17 June, 2009

2004 Taihe Maocha

A fellow pu'erist, Dr. GV, and I have been making plans to meet up for what seems like an aeon - each time that we have a date set, we are thwarted by unforeseeable obstacles that crop up at the last minute. Our universities are only about 1.5 hours apart, which makes it all the more amusing that we must have sampled the majority of each other's tea collections by now without actually having met. We'll get there, GV!

Entire lifeforms have come and gone in the interim

Continuing this long-standing tradition, I settled down to enjoy a mysterious sample labelled "2004 Taihe" [TYE-HER], a bing of which GV bought in Taipei from a trustworthy chap who acquired it from Yunnan himself, and who described it as being laoshu [LAOW-SHOO - old tree]. So far, so good!

I've not come across Taihe before.

2004 Taihe Maocha

Interesting leaves, no? They are wirey, thin, and brittle. I can believe that they are from 2004, given the colour, which is well on its way into orange-brown territory.

This is a tea which speaks volumes just from the dry leaves: their aroma is slightly sour, slightly thin, straw-like, and reedy. This precise character comes out in both the wenxiangbei [aroma cup] and in the flavour. It is a touch sour in the throat, and the texture is thin and distant.

As suggested by the colour of the leaves, the soup comes out a slight orange (pictured below). It's quite surprising how much can be determined from just the dry leaves alone - and quite encouraging!

2004 Taihe Maocha

The flavour, as you would hope, is a woody, spicy affair - it is definitely on its way to maturity, and is showing encouraging signs of change.

Heaven knows why, but I was up at 4 a.m. when I drank this tea, and it lifted me up and calmed me down at the same time.

2004 Taihe Maocha

Some roughness around the edges suggests that this might not be 100% pure laoshu, and GV and I have been discussing the thin character - even when initially transferred from Taipei to Blighty, GV observed a decrease in potency, and it seems that this has continued. It is an interesting, and slightly concerning, effect that we all hope to avoid - the disappearance of character is none too desirable. The rapidity of its decrease is the real puzzler, though.

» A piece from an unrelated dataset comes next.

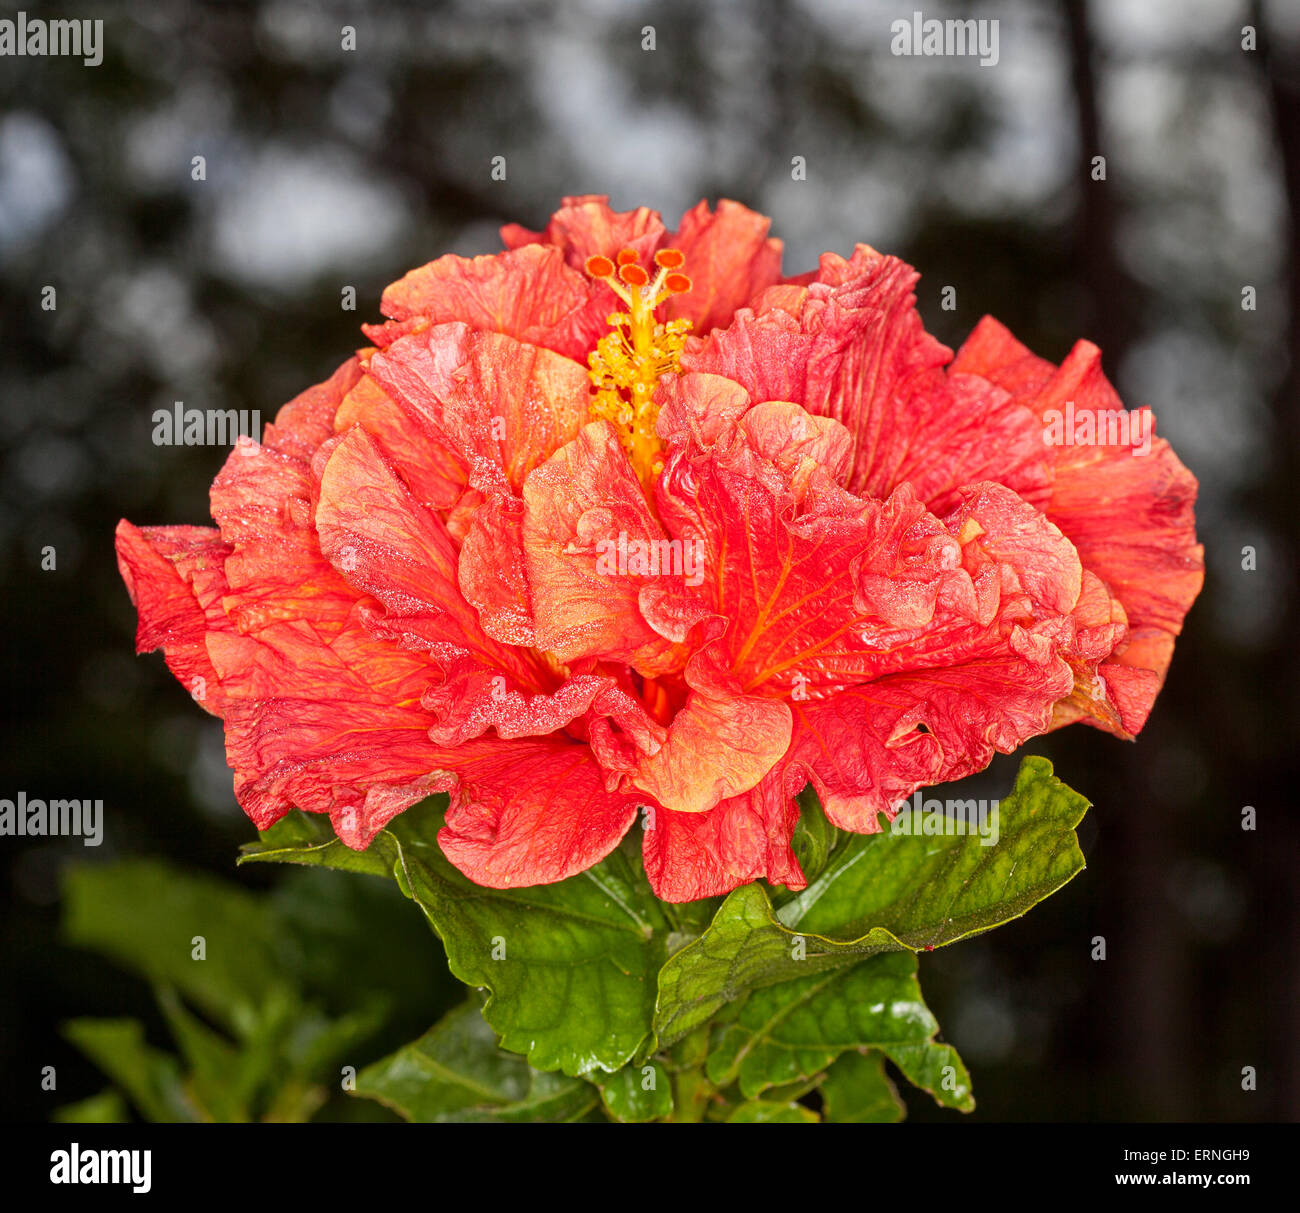 Large vivid orange / red double flower of hibiscus, Hawaiian hybrid Rainbow Fire with emerald green leaves on dark background Stock Photo

I used a very large quantity of leaves, and it still seemed thin, and required excessively long infusion times as early as the sixth infusion. The somewhat sour character prevented me from really enjoying this one, but it was a definite education. I'd like to get a better handle on its decrease in potency, so that we both can avoid such effects in future.

See you soon, GV!


Unknown said...

Hey Hobbes,

I have this same tea (from 2005) and I definitely agree that it's thin. It's a good tea, but definitely not worth the $30/50g asking price. If you want I can send pictures of Wistaria's description.

Hobbes said...

That's quite a price :)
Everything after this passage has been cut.